The models also include non-White and median age, using demographic variables from the 2011–2015 ACS. Additionally, I constructed an index of dissimilarity, computing the percentage of Black residents that would have to exchange tracts with non-Black residents to achieve an even residential distribution. This has been noted as a reliable measure for segregation, representing the unevenness of a metropolitan area (Massey, White, and Phua 1996; Rugh and Massey 2010). These variables are more appropriate as controls, as without micro-level data, theorizing potential mechanisms might contribute to reifying racial categories (see the section on limitations that follows). Finally, I control for potential variation in tourism, labor markets, and other regional specialization using 2011–2015 ACS’s regional categories.
Multicollinearity diagnostics
Multicollinearity among independent variables can pose a problem for regression analysis as it can inflate standard errors and make coefficients less precise. One way to diagnose collinearity among variables is by examining their correlation; in examining the independent variables, no pairwise correlation exceeds 0.70 (see Table 3), or the more common cutoff of 0.80 (Berry and Feldman 1985). Additionally, I examined the variance inflation factors (VIF) on a linear regression model that excluded the interaction and quadratic terms; with this model, no VIF exceeded 5, with a mean VIF score calculated at 2.87; these scores suggest a low degree of multicollinearity (Belsley, Kuh, and Welsch 2005). While inclusion of the interaction and quadratic terms inflated these scores, this is inevitable given their mathematical construction, and should not affect interpretation of the results if they are significant (Belsley et al. 2005; O’Brien 2007). The results of these diagnostics, then, suggest I can proceed with the assumption that multicollinearity does not pose a problem for the analyses.
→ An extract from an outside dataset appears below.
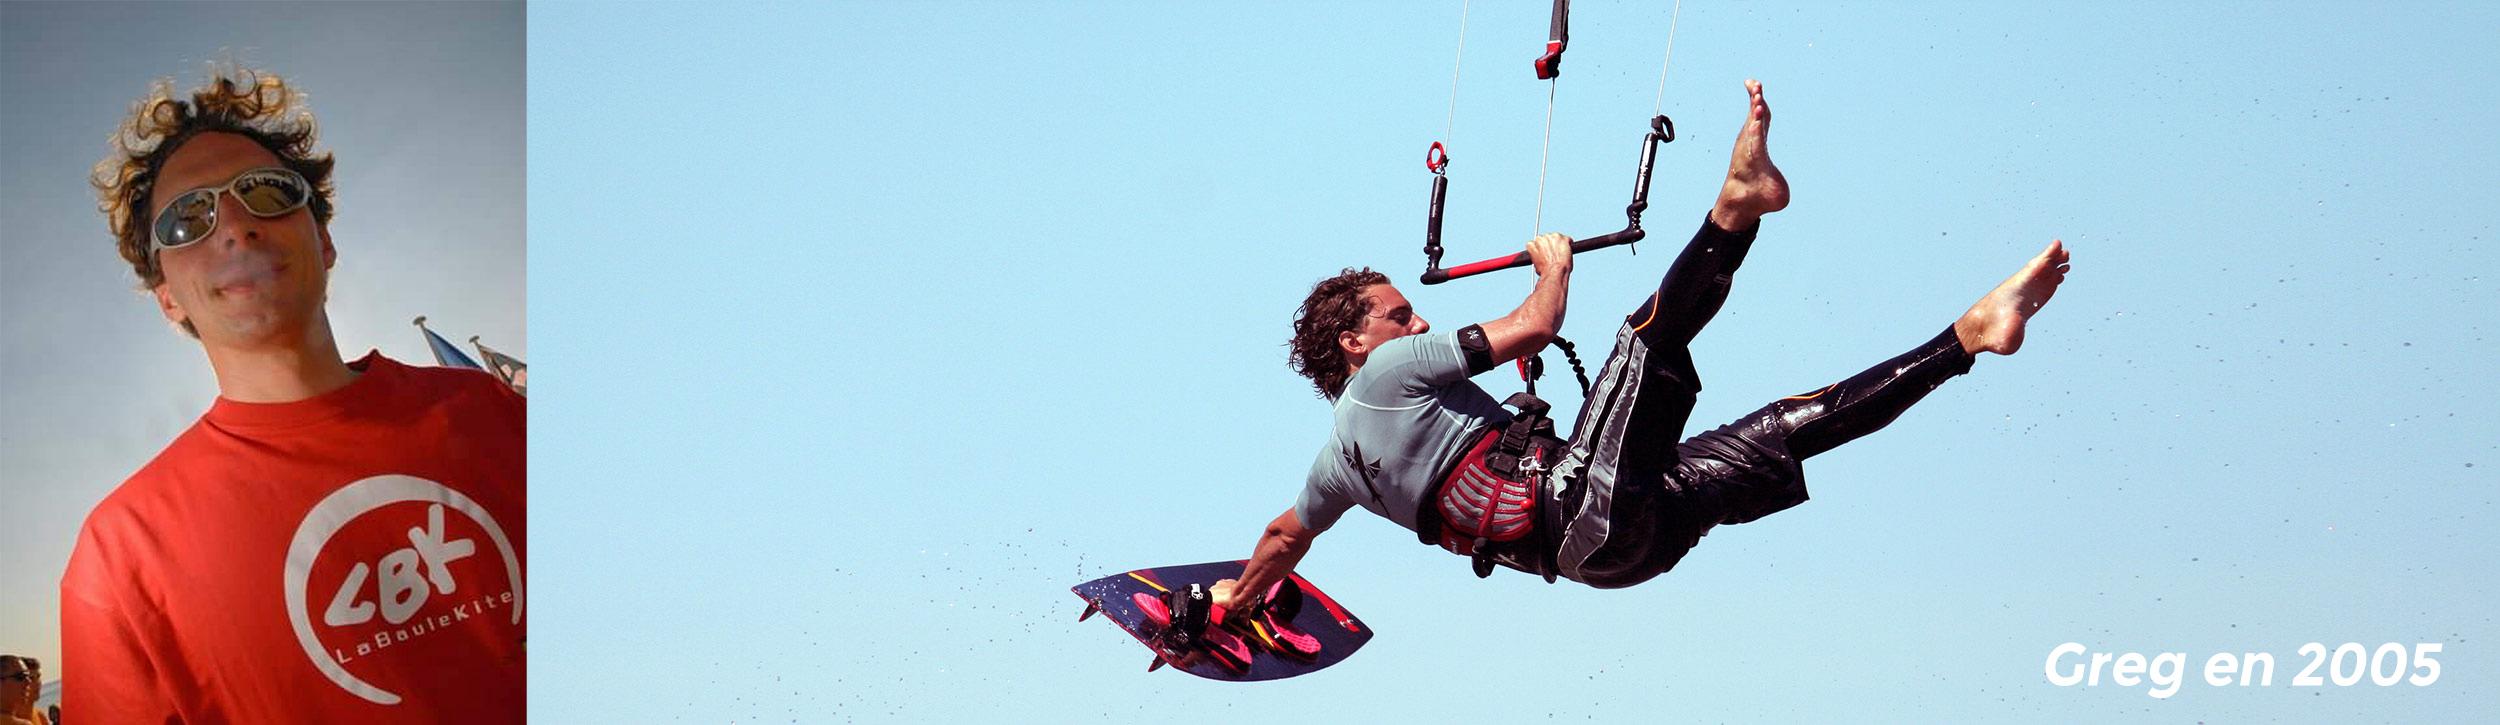 2004-kitesurf-fondateur-Greg-Nicholls-best-kiteboarding

Limitations of the Data and Analyses
While this original dataset offers insight into understanding short-term rentals in the platform economy, it does have several limitations because of the collection methods of “scraping,” the joining of disparate sources of data, the examination of markets where privacy issues are a concern, and the level of analysis. First, given the timing of the project and inability to scrape retroactive listings on the Airbnb website, the dataset cannot capture the process of short-term rental market emergence, beginning with Airbnb’s launch in 2008, that may be possible with time-series data. I also had difficulty accessing retroactive data on markets that may have been predecessors to contemporary short-term rental platforms such as Couchsurfing and earlier forms of vacation rentals. The dataset, consisting of independent variables that span the years 2006 through 2015 and Airbnb listing counts from 2016, are thus treated cross-sectionally and cannot support any attempts at causal inference. Rather, I use the analyses to identify patterns between different types of short-term rental exchange and urban socio-economic organization, as well as to contemplate possible mechanisms for these patterns (see those described under “The Socio-Economic Organization of ‘Sharing’”).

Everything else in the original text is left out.